Problem to work on => In the listing below, find the line with "Model showcasing Tiffany's" and the line with "Oppo A78 Dual", then return them and every line between them exactly, minus the pictures.

Information provided =>
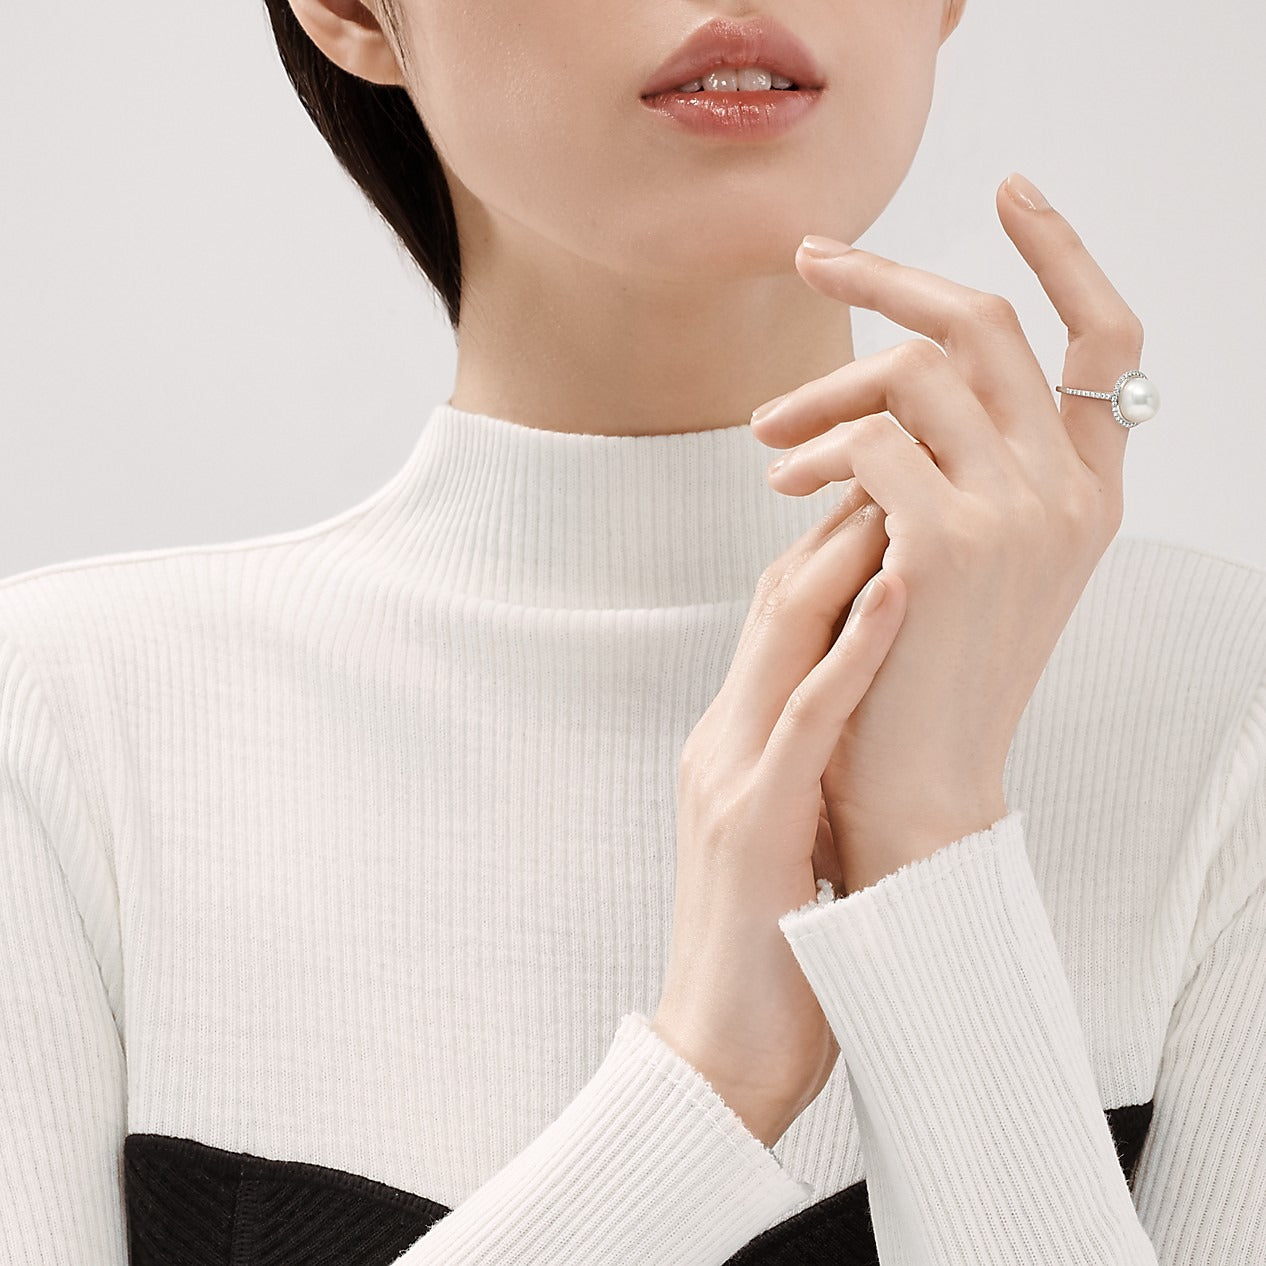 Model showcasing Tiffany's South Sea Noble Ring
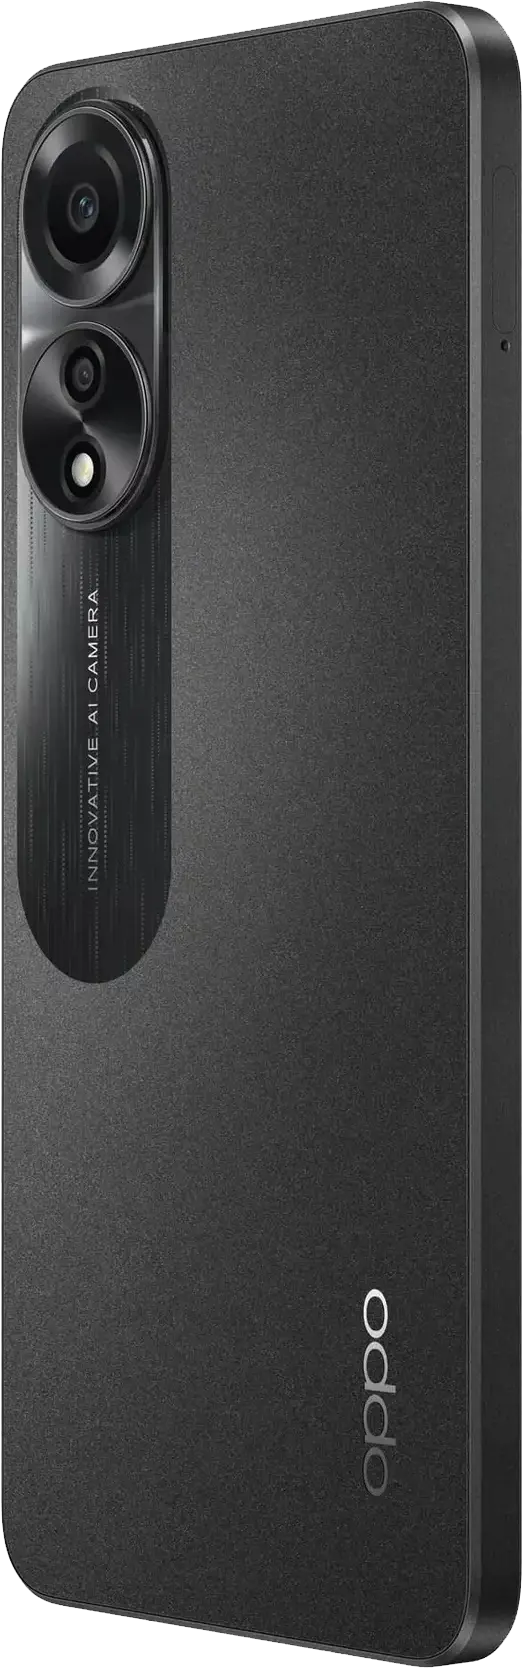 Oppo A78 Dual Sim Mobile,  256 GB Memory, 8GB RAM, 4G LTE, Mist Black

...

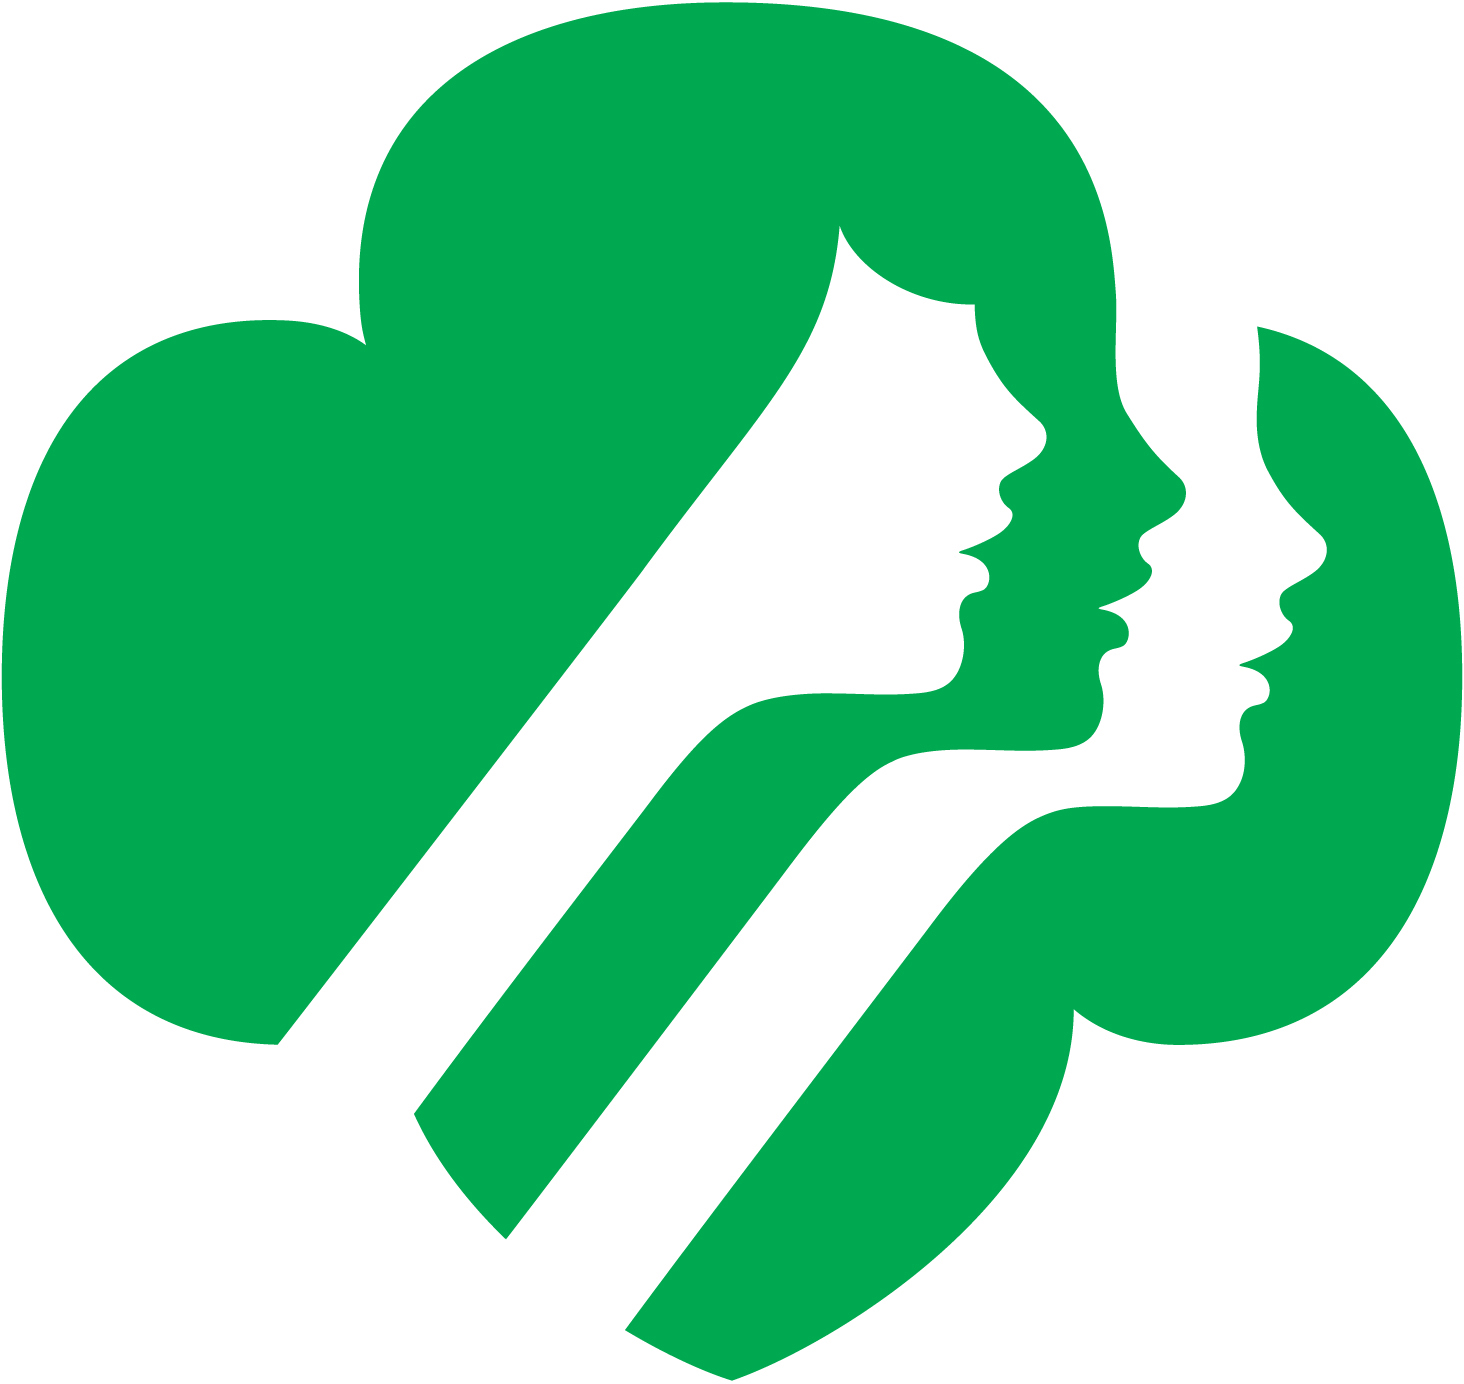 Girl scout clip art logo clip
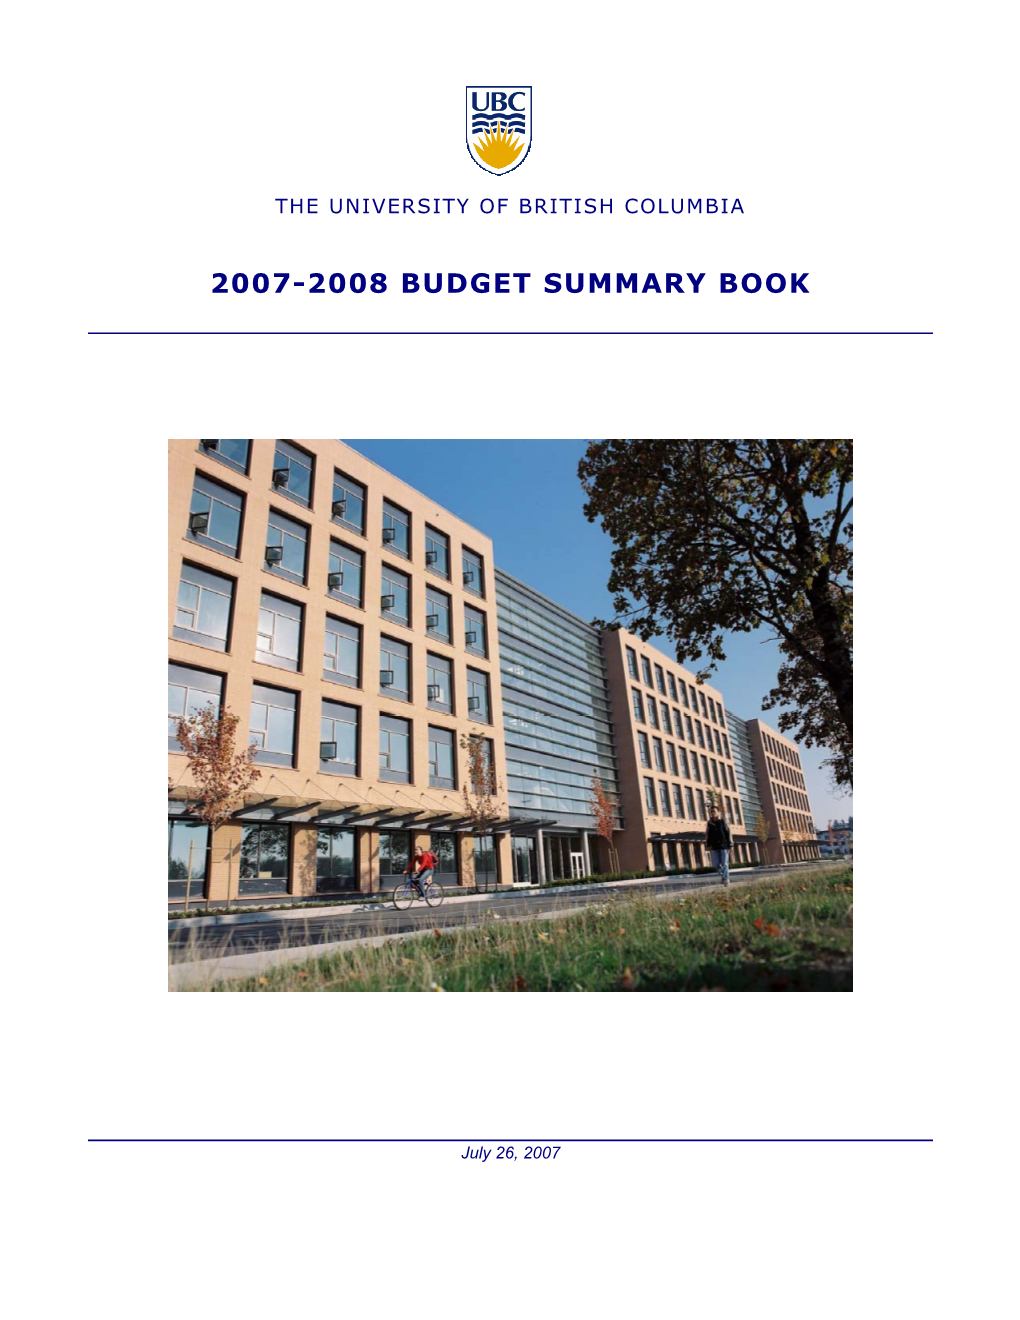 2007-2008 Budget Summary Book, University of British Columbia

Exercise result =>
 Model showcasing Tiffany's South Sea Noble Ring
 Oppo A78 Dual Sim Mobile,  256 GB Memory, 8GB RAM, 4G LTE, Mist Black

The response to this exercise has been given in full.